Goal and contributions of this study
The primary aim of this work, classified as type 3 according to the Transparent Reporting of a multivariable prediction model for Individual Prognosis Or Diagnosis (TRIPOD) statement [24], was the development, internal and external validation of a predictive model for COVID-19 prognosis at one month. A key differentiator of this work is its focus on leveraging thoracic CT scan data in Digital Imaging and Communications in Medicine (DICOM) format. Age and sex, read from the metadata, were combined with a number of features extracted from the imaging data to create a model that requires all input features to originate from a single source. This facilitates seamless integration in clinical routine, a challenge often overlooked in similar studies but of utmost importance in emergency settings.
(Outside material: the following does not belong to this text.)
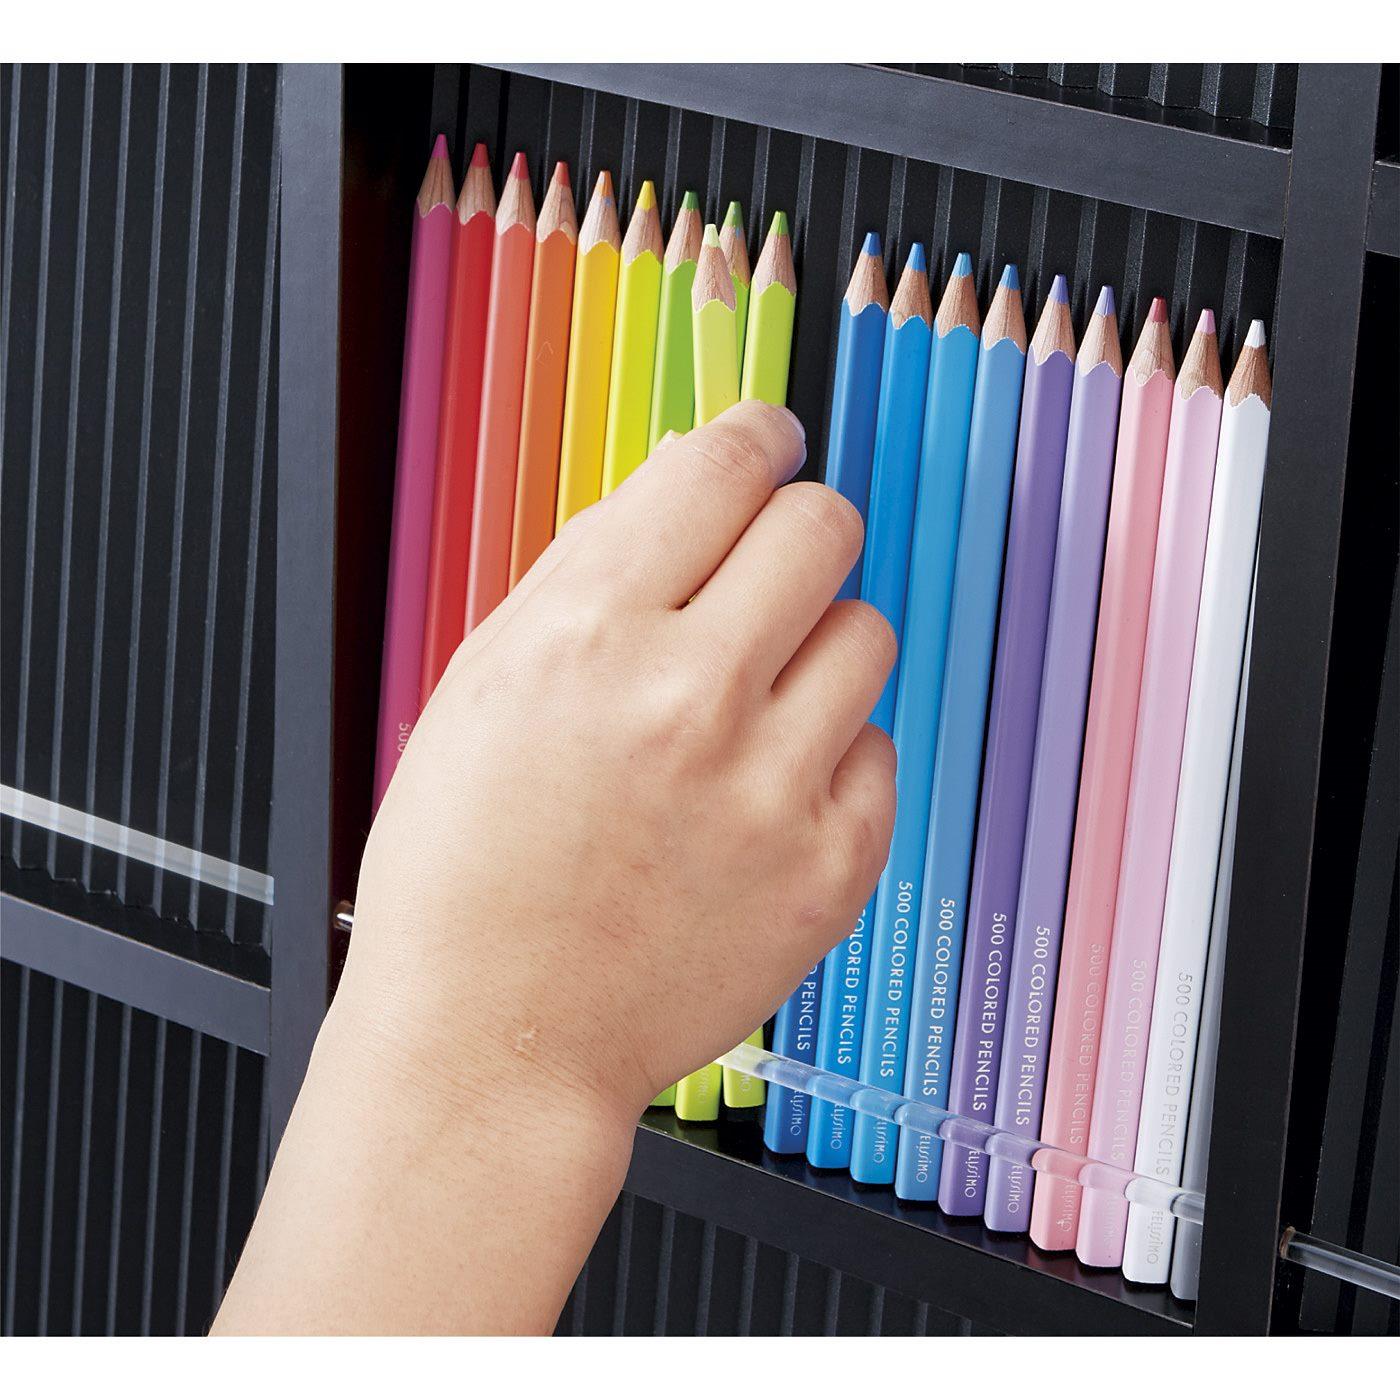 背板は波型になっていて、四角い色えんぴつを角度をつけて並べられます。取り出しやすく、色えんぴつが滑り落ちにくいストッパー付き。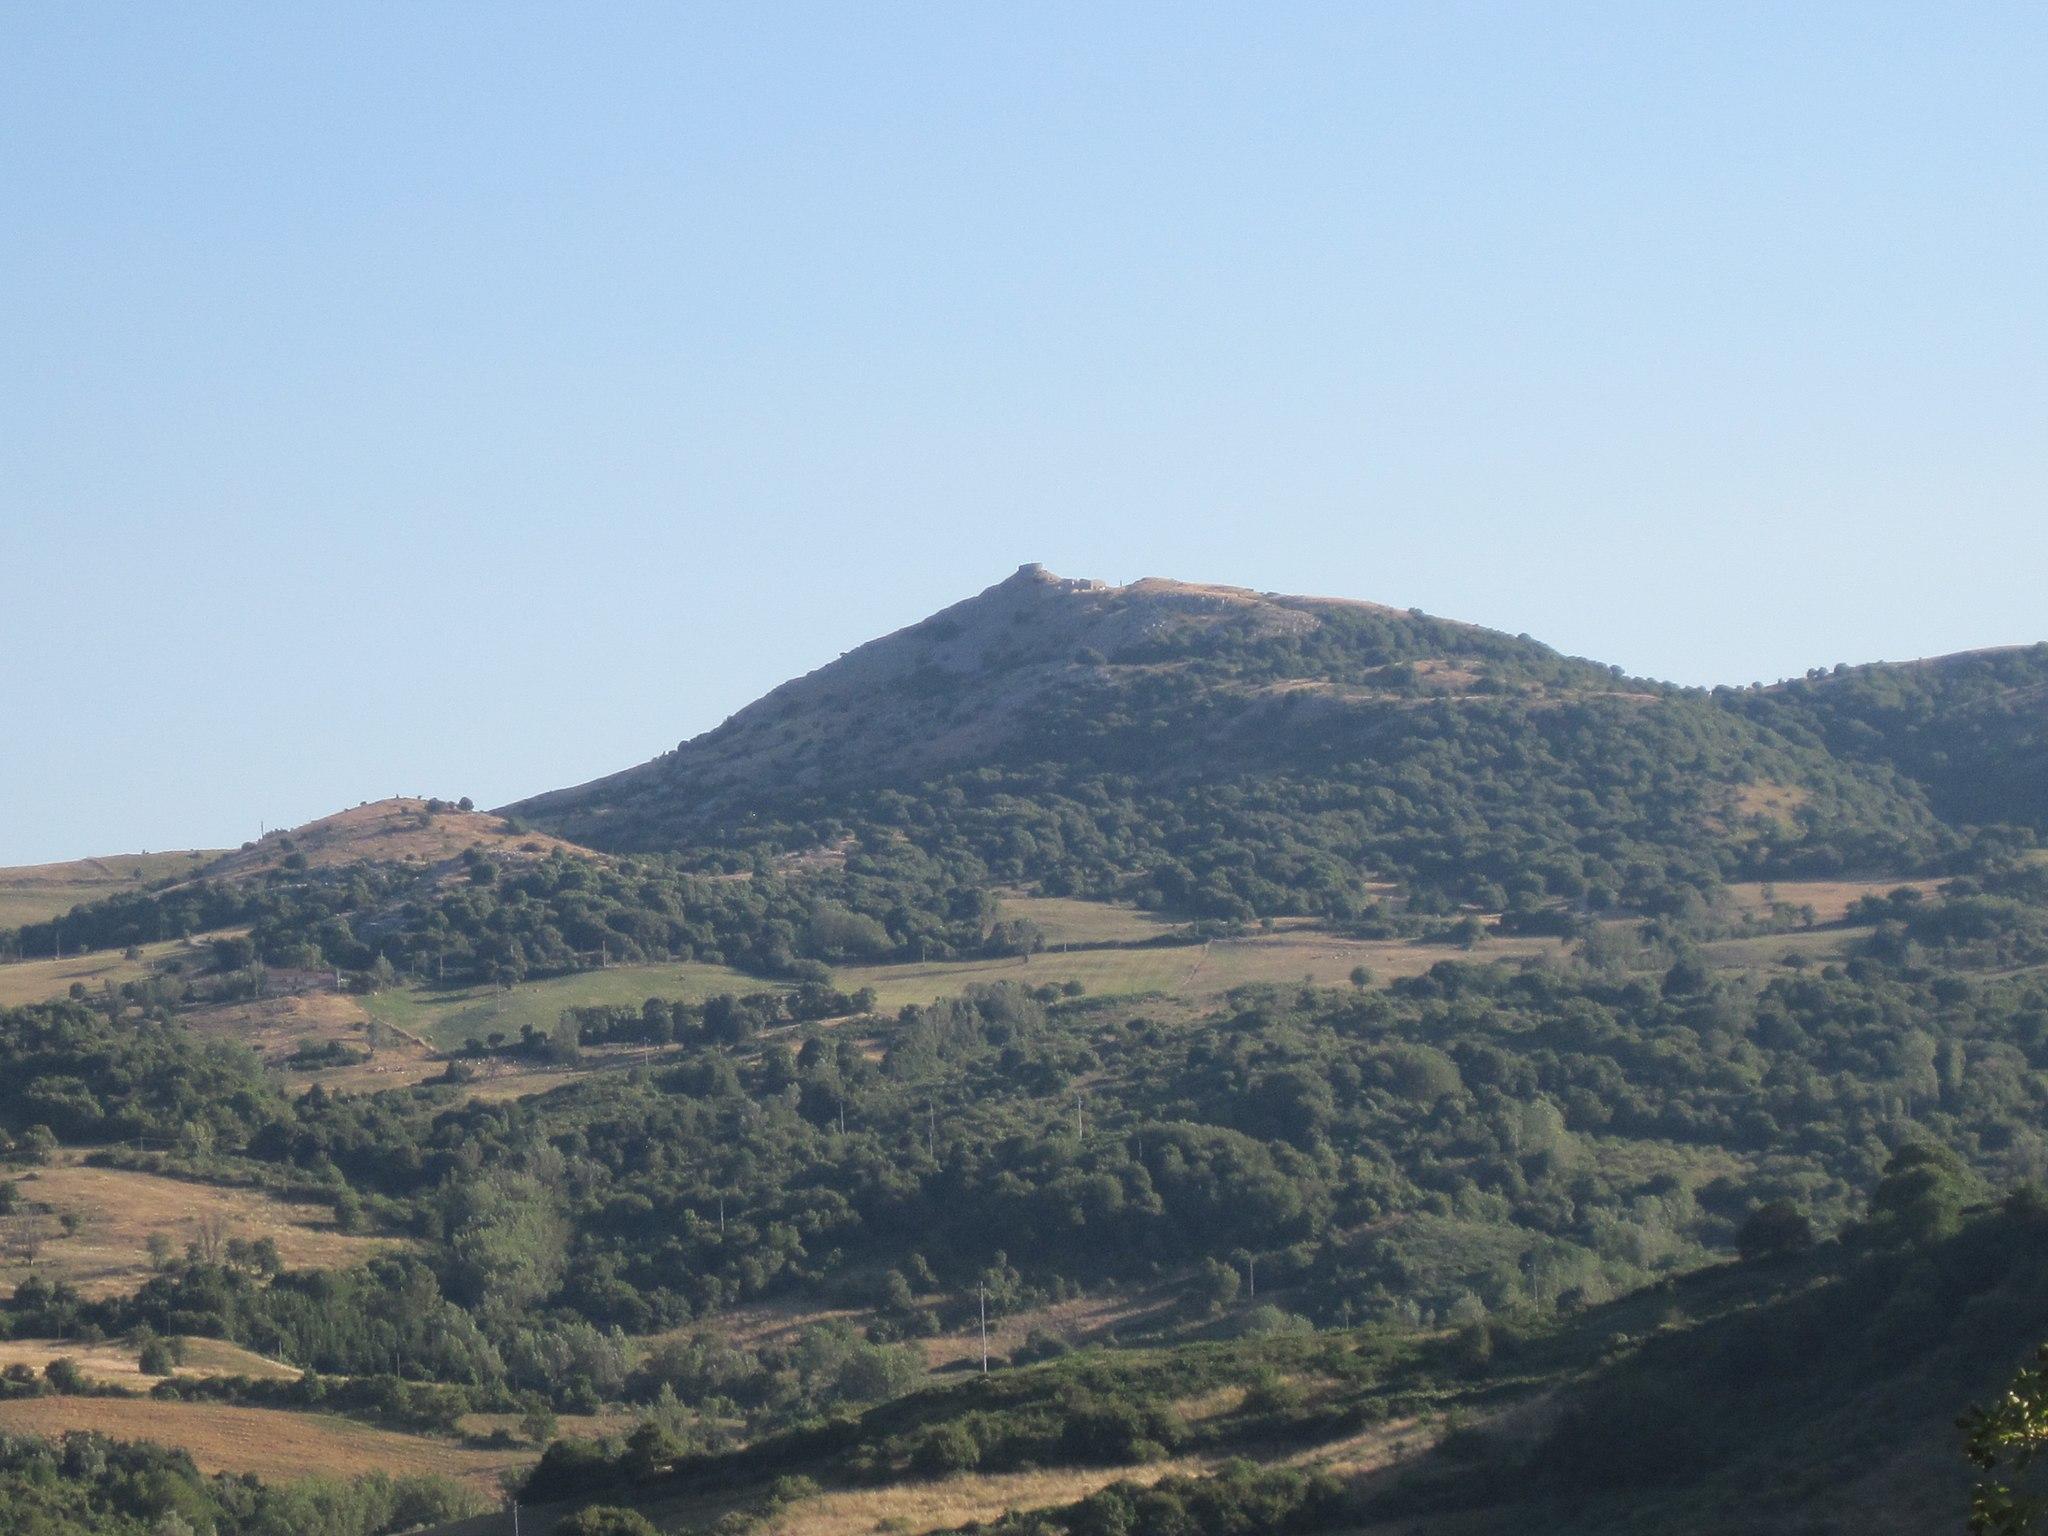 Monte Labbro

To achieve this, we explored and compared two fundamentally different and widely used modelling approaches: logistic regression, a traditional statistical method, and deep learning. By directly comparing these methods, we provide insights into their relative performance, robustness, and applicability in real-world scenarios.
A significant strength of this study lies in the used datasets. The selected model was developed on a public dataset collected in March and April of 2020 and internally validated on a large, private dataset from the same initiative. In addition, a dataset of 1318 patients was collected from different institutions and countries than the training set, and used for external validation. This approach contrasts with many existing studies, which often rely on much smaller datasets [7, 8, 10,11,12,13, 16, 23] and/or lack validation on external test sets from different institutions [7,8,9,10,11, 15,16,17, 19,20,21, 23], making it impossible to determine their generalizability. Furthermore, to assess the robustness and adaptability of our model, the performance was assessed separately on data collected at later stages of the pandemic when the delta and omicron variants were most prevalent.
As a secondary aim, we investigated the feasibility of a long-term prediction model to identify patients who still experience COVID-19-related symptoms three months after the initial positive RT-PCR test. A smaller dataset was employed, enriched with more detailed patient information obtained from lab results. We report our initial findings on model development using this single dataset.
Methods
This section describes the steps taken for the development and validation of the proposed prognostic models as illustrated in Fig. 1. The study was approved by the Institutional Review Board/Ethics Committee of Universitair Ziekenhuis Brussel (Commissie Medische Ethiek O.G. 016, EC-2023-014), of Centre Hospitalier Universitaire de Liège (committee reference 707, study references 2020/139 and 2022/21) and of Universitätsklinikum Heidelberg (S-293/2020).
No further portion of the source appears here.